Le Sage is a postdoctoral fellow at the Smithsonian Astrophysical Observatory (SAO) working with Ronald Walsworth. His postdoctoral research has included developing a wide-field magnetic imaging microscope using ensembles of NV centers in diamond, developing techniques for improved NV-diamond magnetometer sensitivity, and pursuing applications of this technology. He earned a BA degree in physics from the University of California, Berkeley and a PhD degree in physics from Harvard University, where he conducted antihydrogen formation research with Professor Gerald Gabrielse.
David A. Simpson
School of Physics, University of Melbourne, Australia; email [email protected].
Simpson is a postdoctoral research fellow in the Centre for Quantum Computation and Communication Technology at the University of Melbourne. He obtained his PhD degree in experimental physics from Victoria University in 2008. His research interests include quantum measurement, the material properties of diamond, and optical techniques to address quantum systems. His research is currently focused on wide-field imaging and detection of single spins in biological systems.
David M. Toyli
Center for Spintronics and Quantum Computation, University of California, Santa Barbara, CA, USA; email [email protected].
Toyli is currently a PhD candidate in physics at the University of California, Santa Barbara. He received his BS degree in physics from the University of Minnesota, performing undergraduate research in the laboratory of Professor Paul Crowell. His research interests include ion implantation techniques for the generation of single spins in semiconductors and temperature measurement with single spins in diamond.
Ronald L. Walsworth
Department of Physics, Harvard University, Cambridge, MA, USA; tel. 617-495-7274; and email [email protected].

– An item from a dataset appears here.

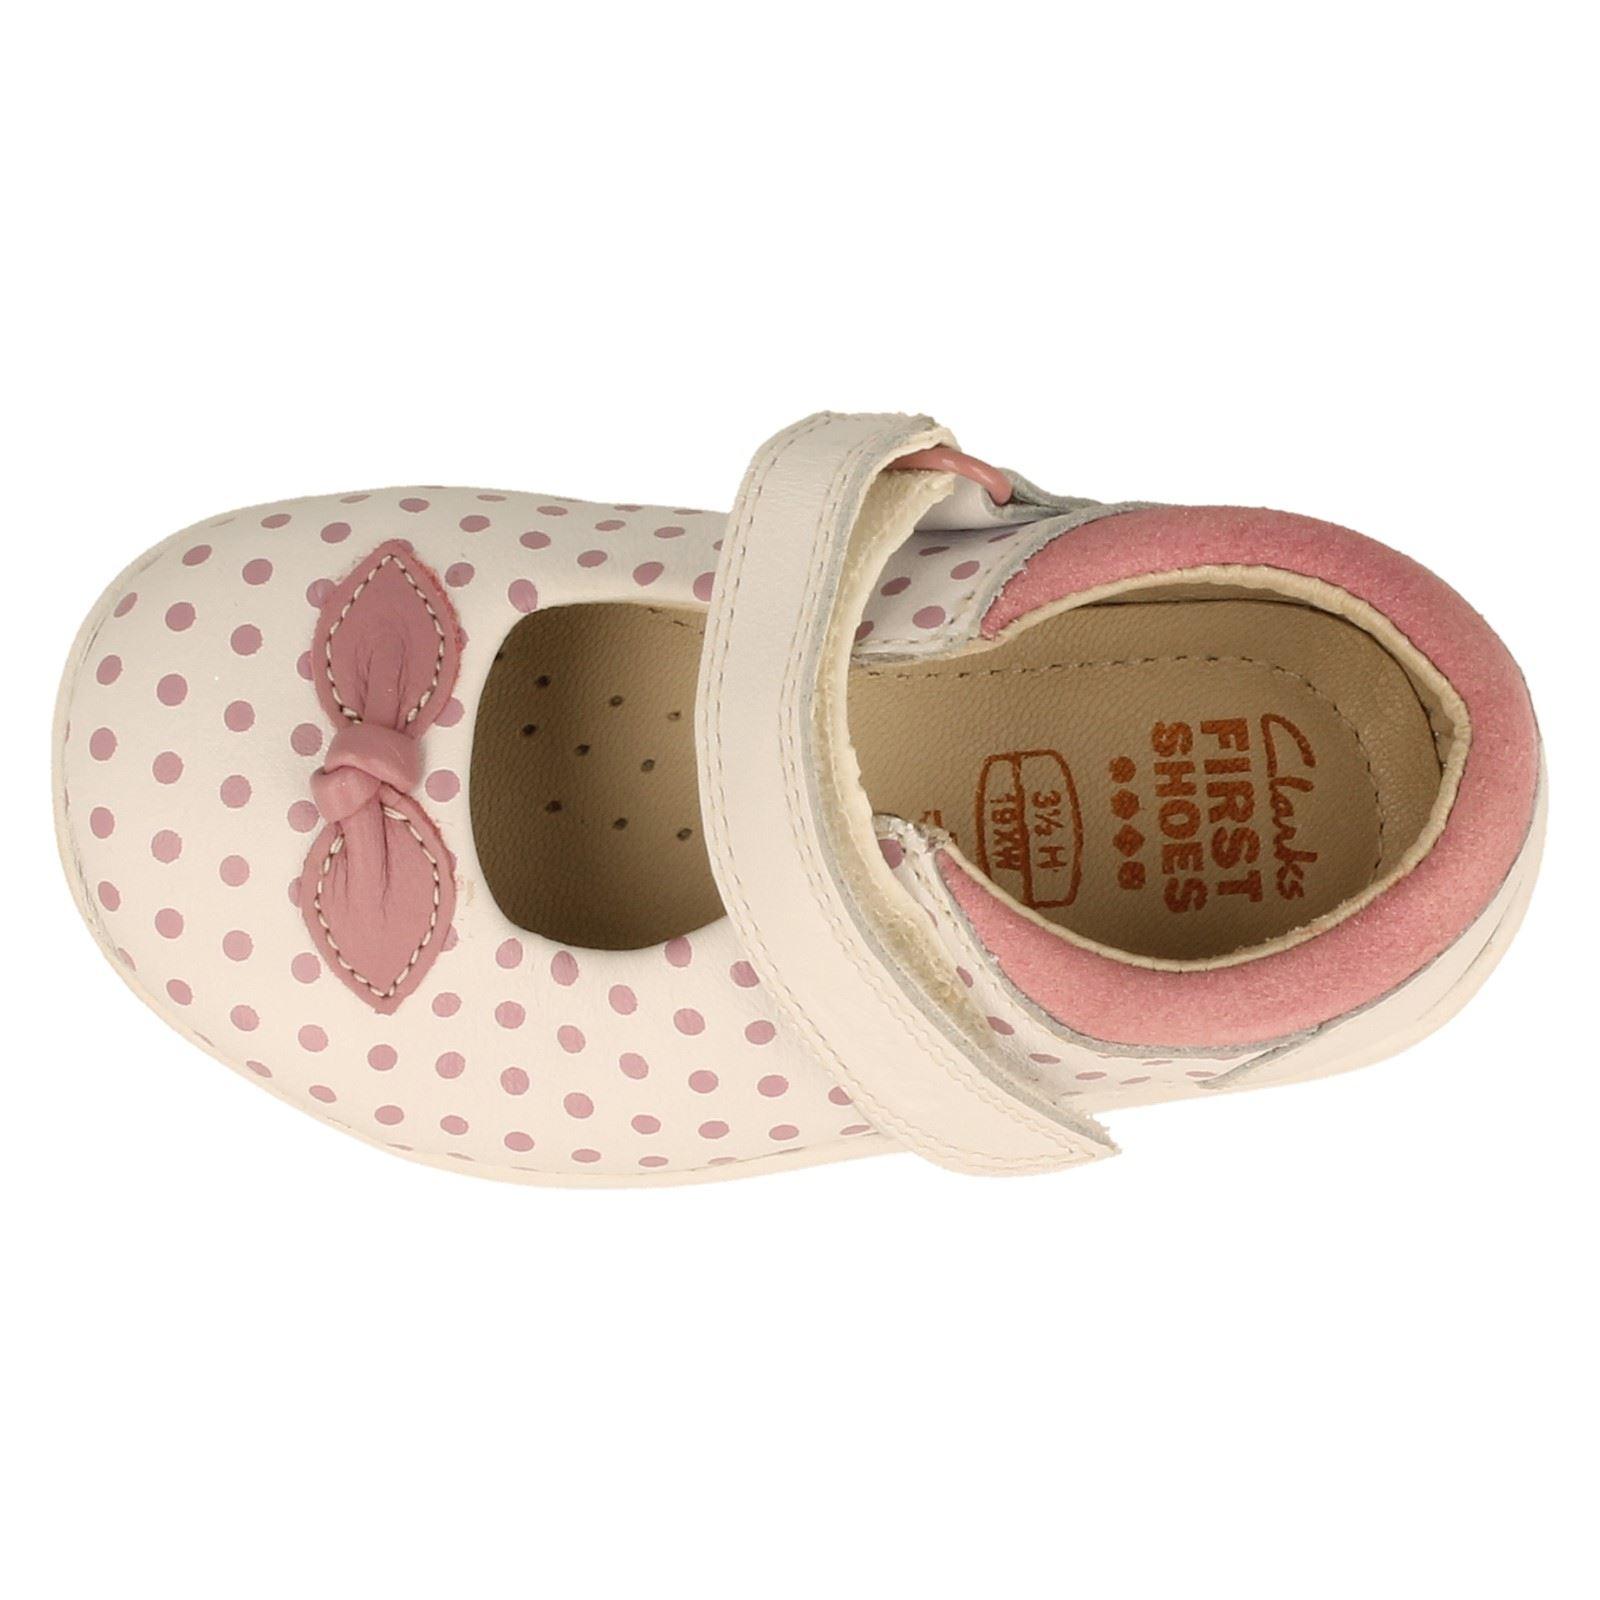 Chicas Clarks Primero Zapatos Estilo Mary Jane suavemente Dotty-W

Walsworth is a senior physicist at the Smithsonian Astrophysical Observatory and a senior lecturer on physics at Harvard University. He leads an interdisciplinary research group with a focus on developing precision measurement tools and applying them to both the physical and life sciences. Walsworth received the 2005 Francis Pipkin Award from the American Physical Society (APS) for his work on precision measurements, and has been an APS Distinguished Traveling Lecturer since 2002.
Jörg Wrachtrup
Max Planck Institute for Solid State Physics in Stuttgart, Germany; email [email protected].
Wrachtrup is a professor of experimental physics at Stuttgart University, and director of the 3rd Institute of Physics and Max Planck Fellow at the Max Planck Institute for Solid State Physics in Stuttgart. He received his diploma in 1990 and PhD degree in 1994 from the Free University in Berlin. Wrachtrup leads a research group of 70 people comprised of assistant professors, postdoctoral members, and PhD students. In addition, as a Max Planck Fellow, he is heading a research activity affiliated at the MPI for solid-state research. He has received the European Research Council Advanced Investigator Grant, the Stepanov Award of the Belorussian Academy of Science, and the Leibniz Prize of the German Physical Society.
Amir Yacoby
Harvard University, Cambridge, MA, USA; tel. 617-495-1180; and email [email protected].

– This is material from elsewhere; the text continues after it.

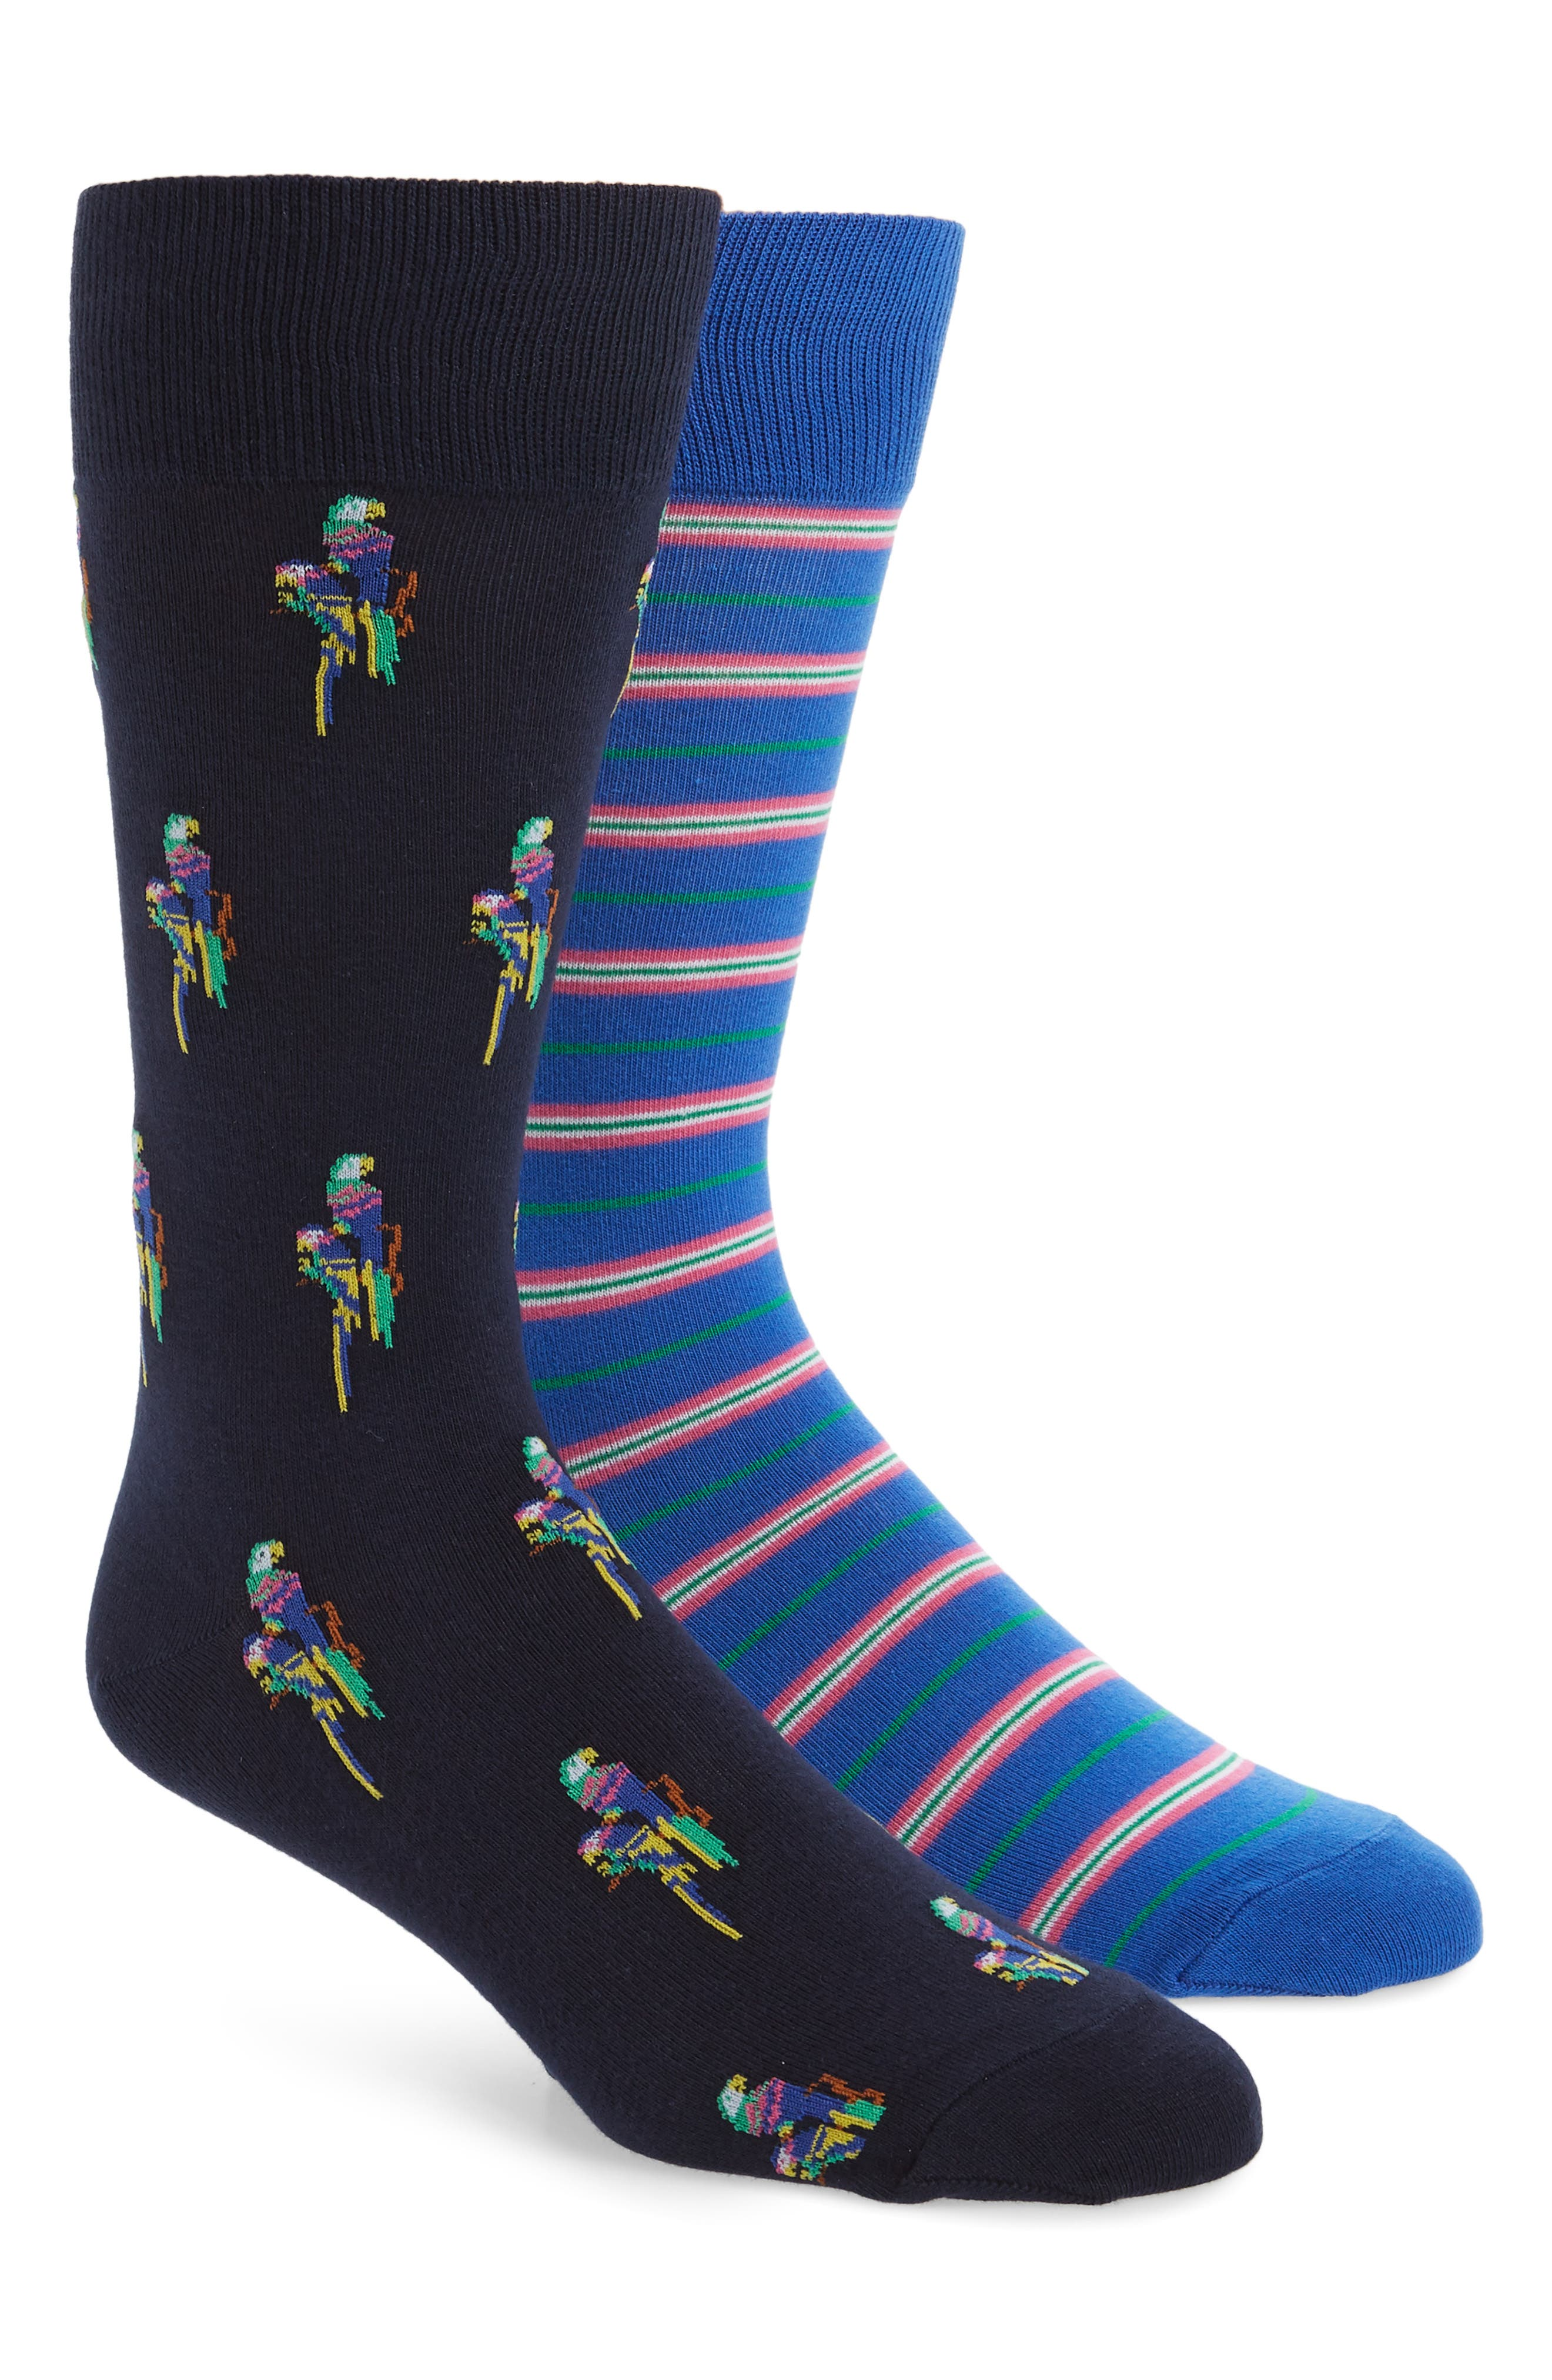 2-Pack Parrot & Stripe Socks, Main, color, NAVY

Yacoby holds a bachelor’s degree in aeronautical engineering and a master’s degree in theoretical physics. His PhD degree in experimental condensed matter physics focused on understanding coherence in mesoscopic systems. Yacoby’s interests are in understanding the behavior of low-dimensional systems and their applications to quantum information technology. His current research topics include spin-based quantum computing and metrology using semiconducting quantum dots, color centers in diamond, and phosphorous spins in silicon; topological quantum computing using HgCdTe quantum wells; and interacting electrons in graphene multilayers.